- About this task
Type out the whole listing again exactly, pictures omitted.

- Data shown
┄┄┄┄┄┄┄┄┄┄

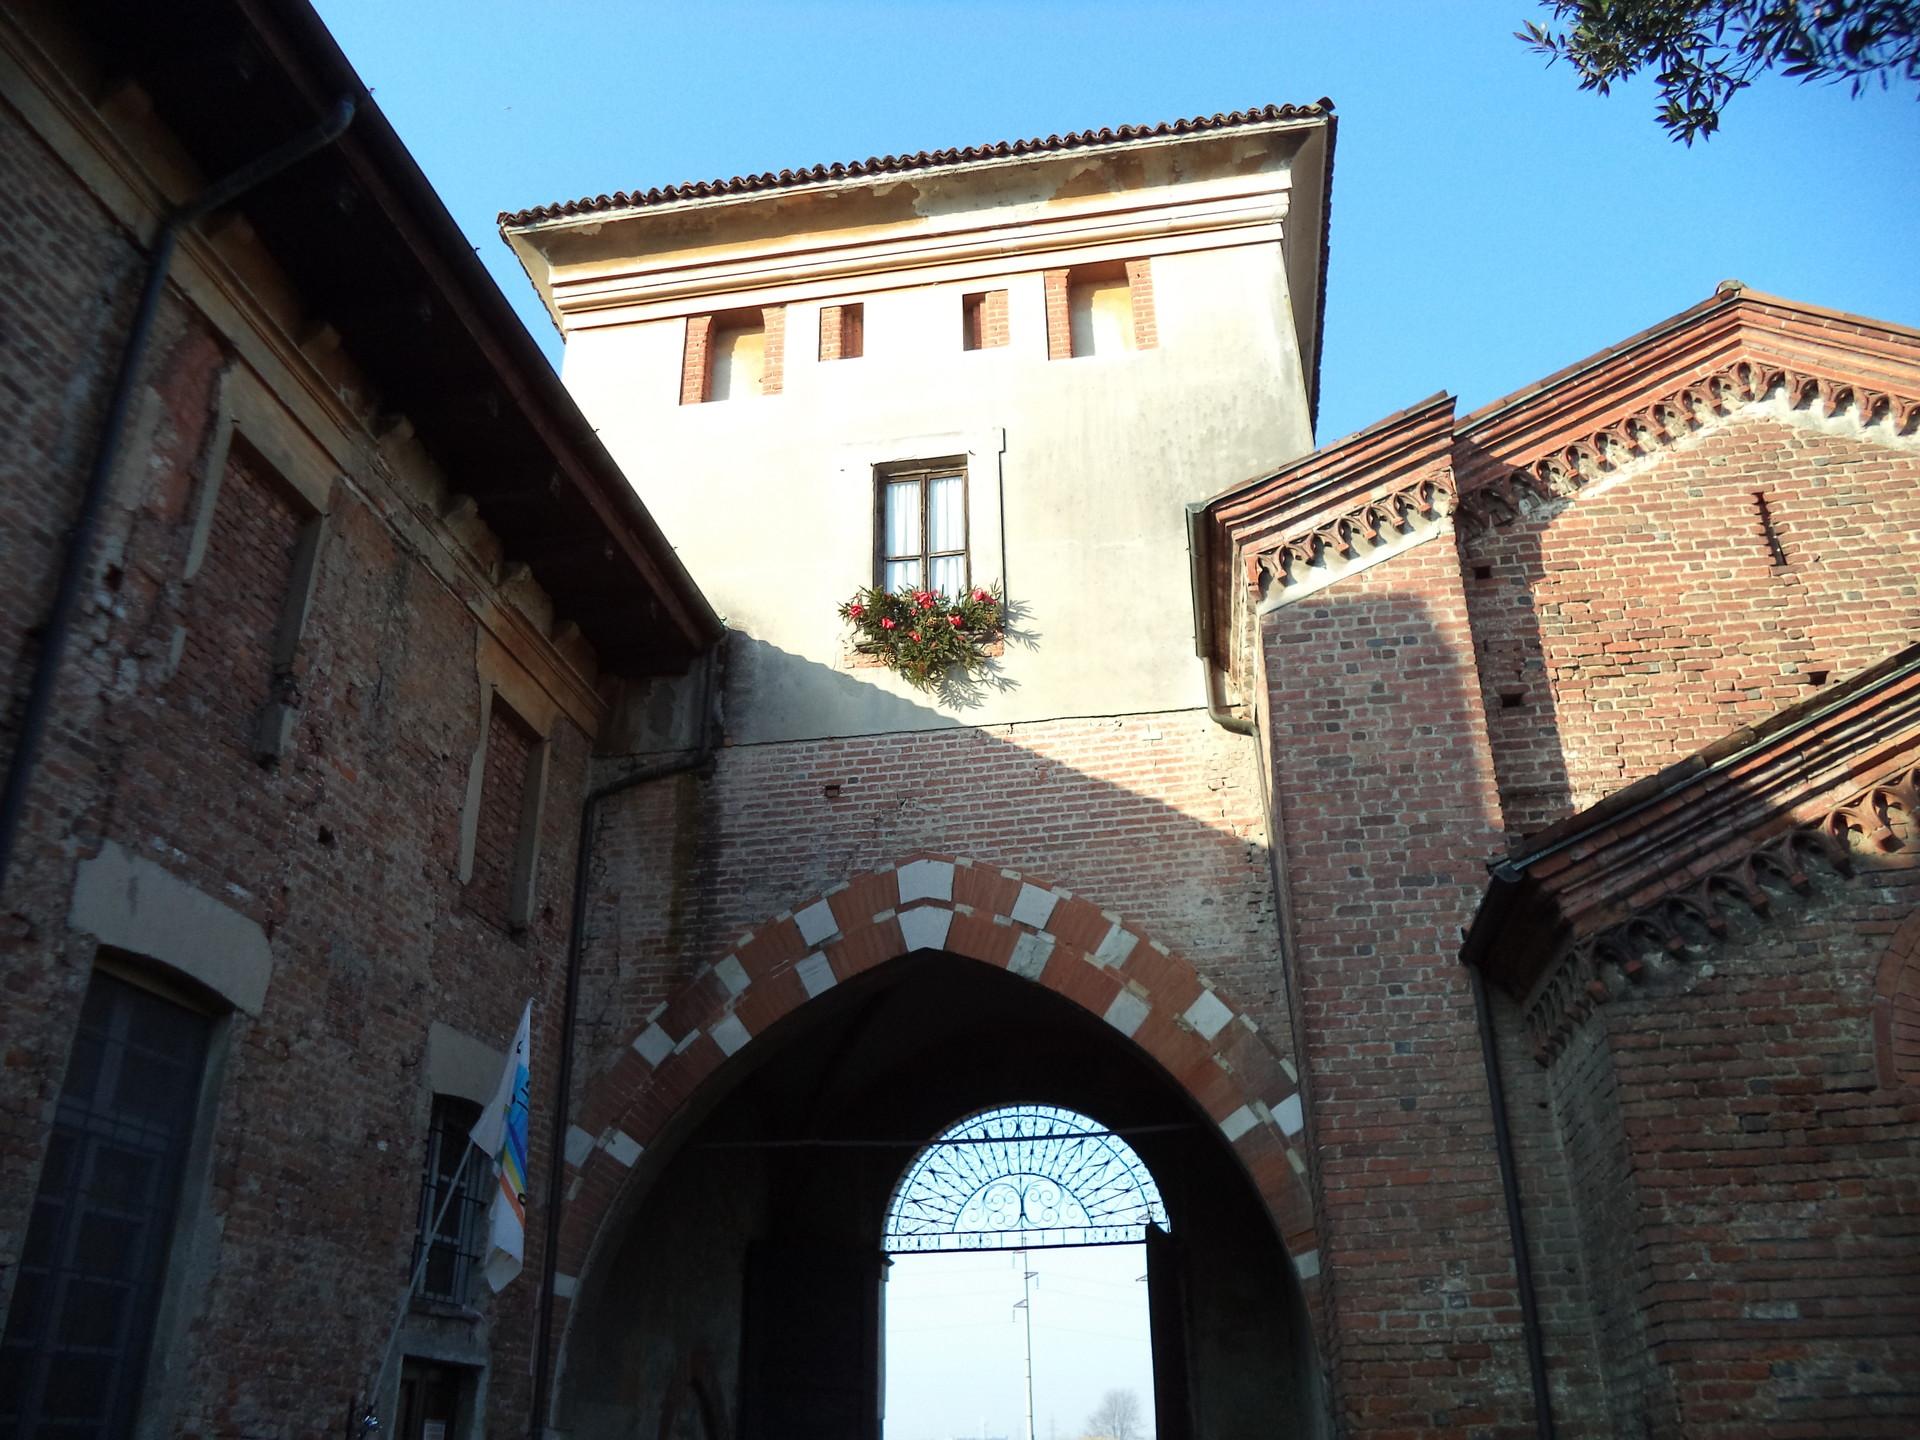 Uma bela Abadia a Sul de Milão!
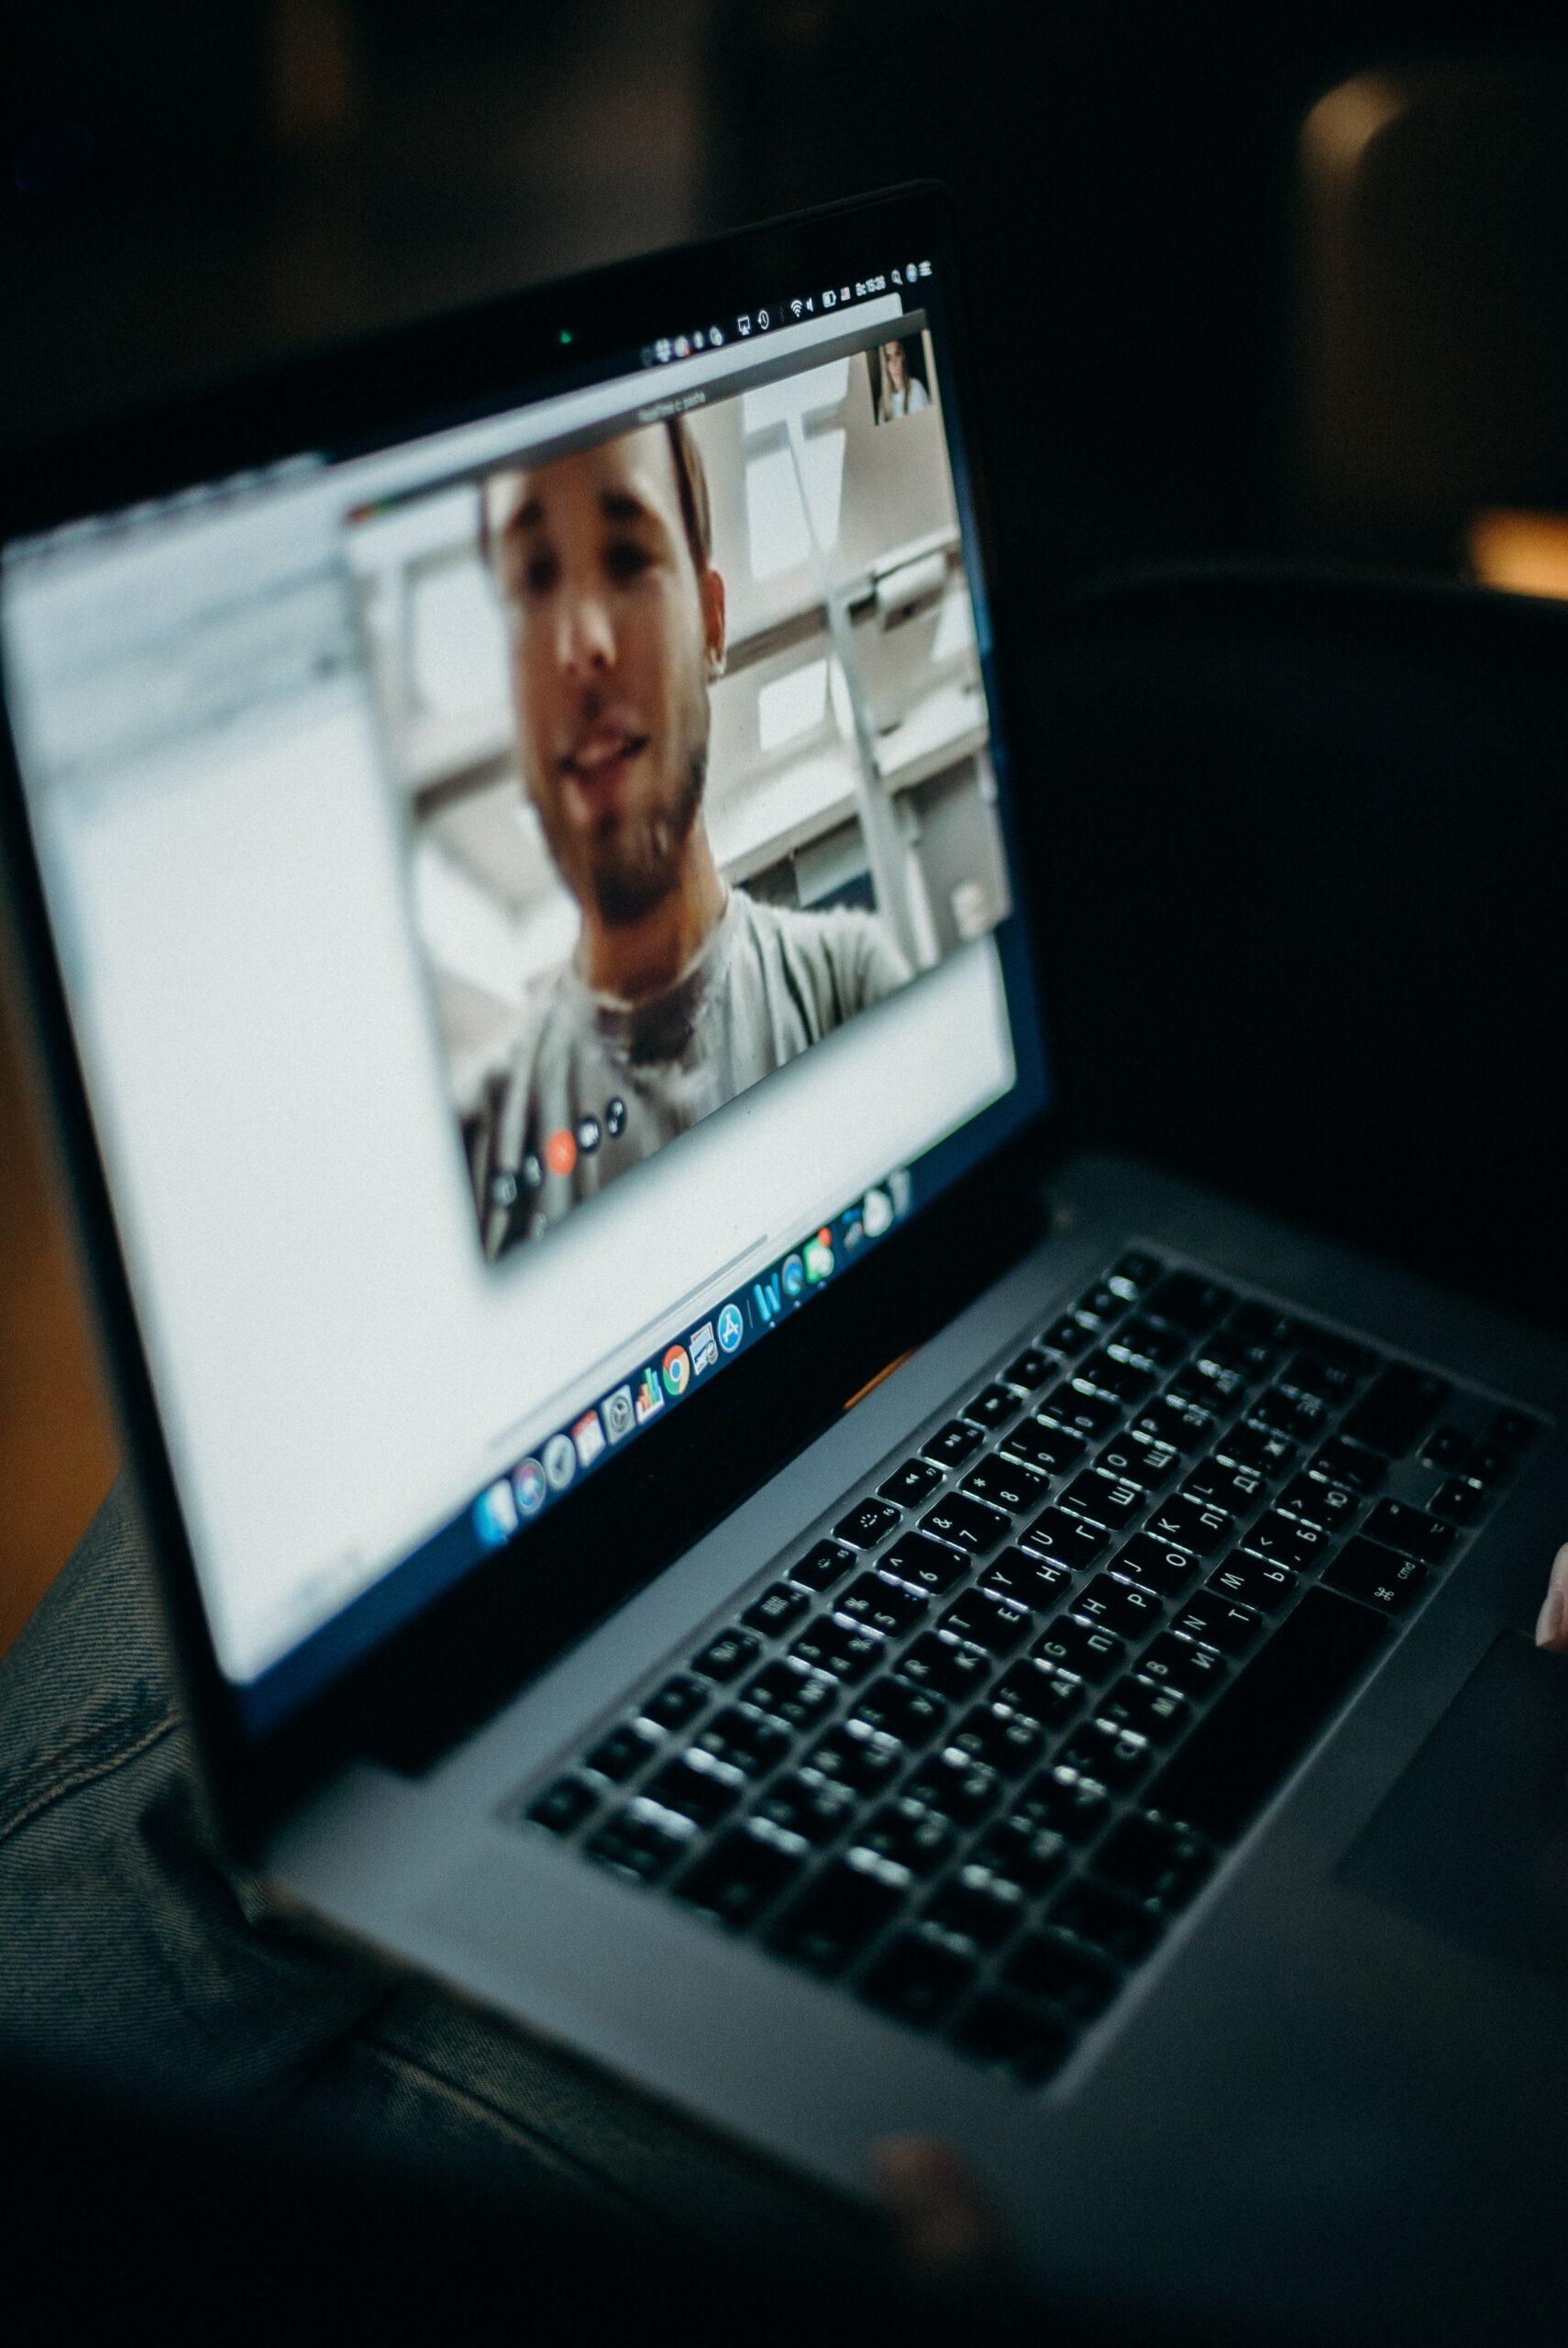 turned-on-macbook
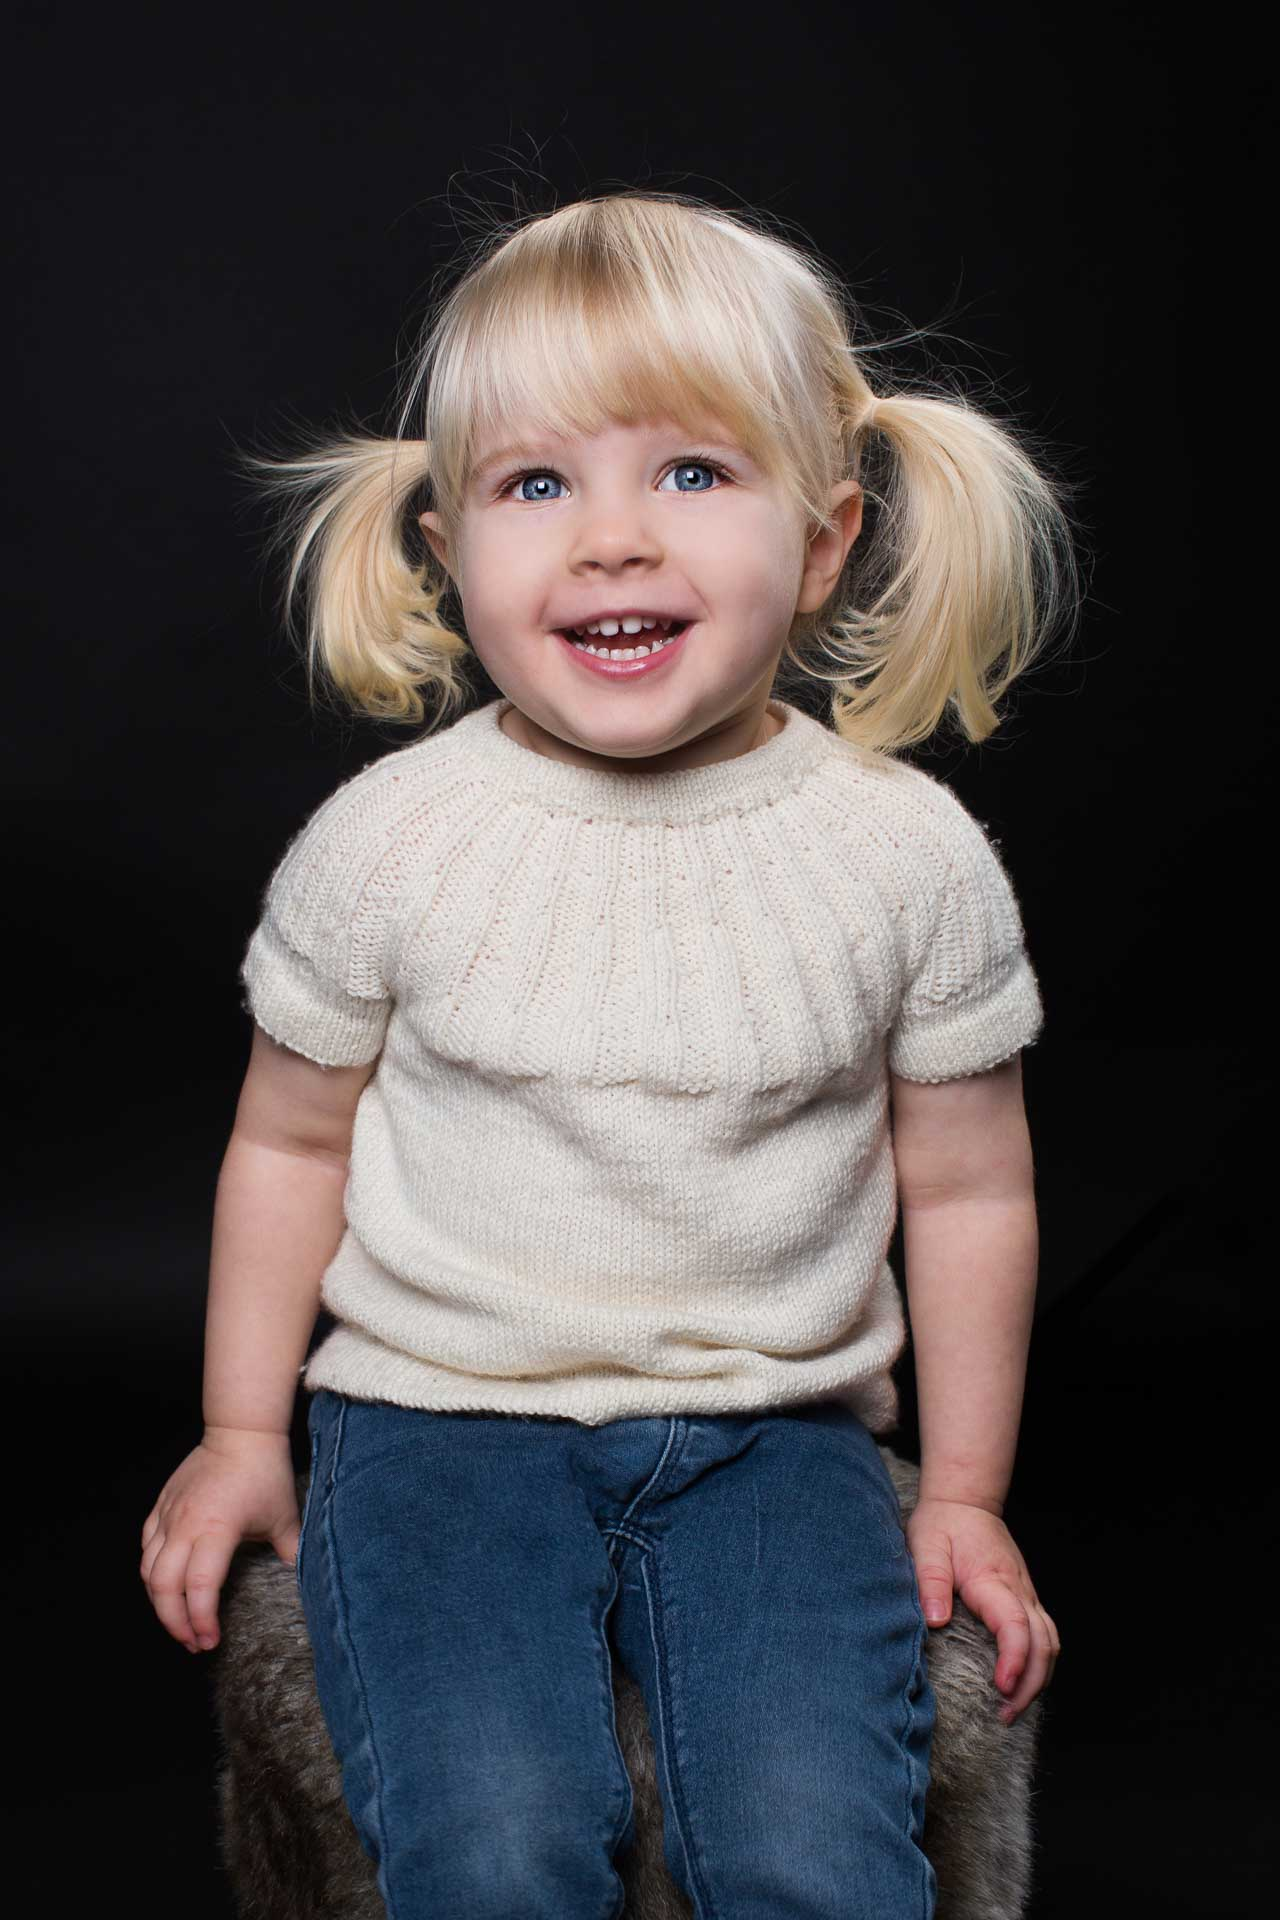 den kreative stil Børnefotografering

┄┄┄┄┄┄┄┄┄┄

- Completed exercise
 Uma bela Abadia a Sul de Milão!
 turned-on-macbook
 den kreative stil Børnefotografering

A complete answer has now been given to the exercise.